The DV Act and additional compensation ·

  • Section 22 provides for damages apart from other relief to a person aggrieved.
  • ·The amount is granted as a recompense not only for the physical injuries but also for mental torture and emotional distress

There cannot be a straitjacket formula applicable to all and the quantum for compensation will differ according to the facts of each case.

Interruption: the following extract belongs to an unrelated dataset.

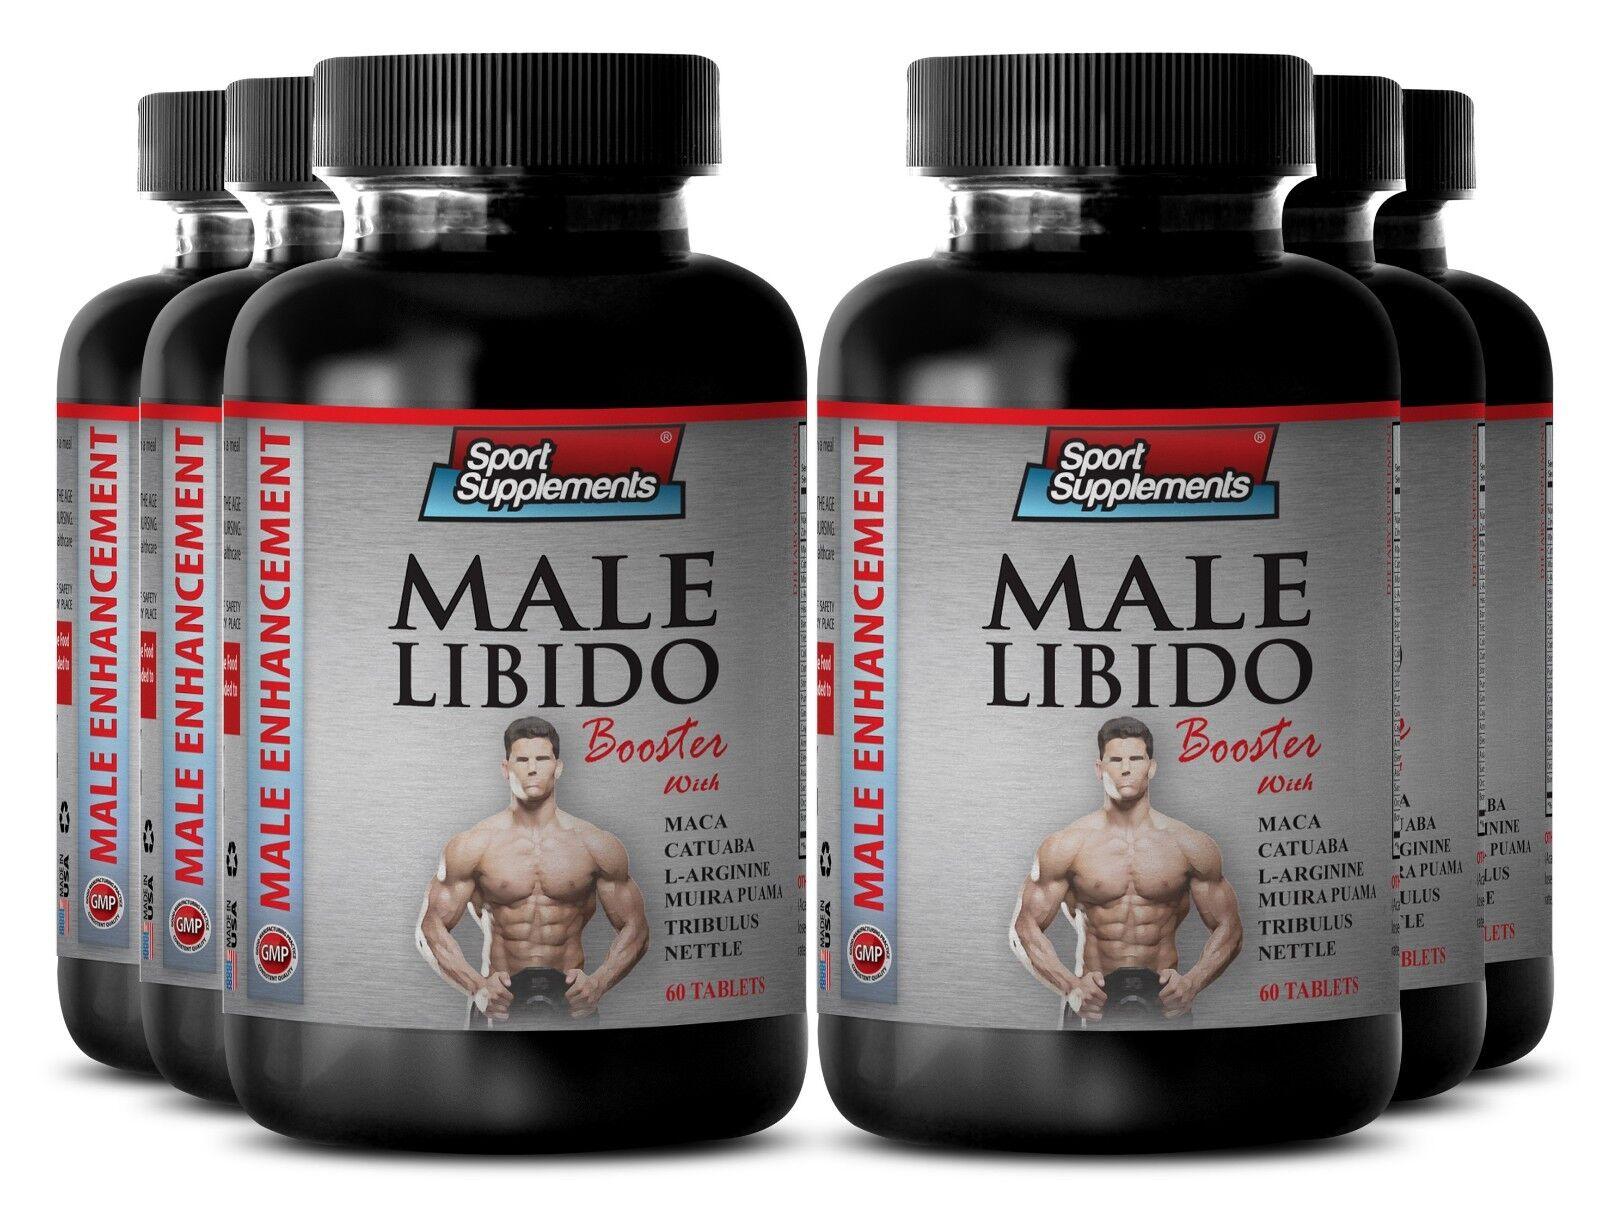 Brazilian Catuaba - Libido Male Libido - Booster 1270mg - Male Extender Pills 6B b33494

In my view, while determining the quantum of compensation, one of the factors which can be considered is the impact of the acts of domestic violence on the aggrieved person. Although the abuse will necessarily result in mental torture
and emotional distress for the aggrieved person, the gravity will differ from person to person.
–Justice Sharmila Deshmukh of Bombay HC
What HC has held in the past
In 2021, Bombay HC held that in cases of domestic violence, it is often found that the wife does not immediately rush to the police when inflicted with physical, mental, physiological and economic abuse and even if such a person suffers injuries they would not necessarily keep medical records of the same.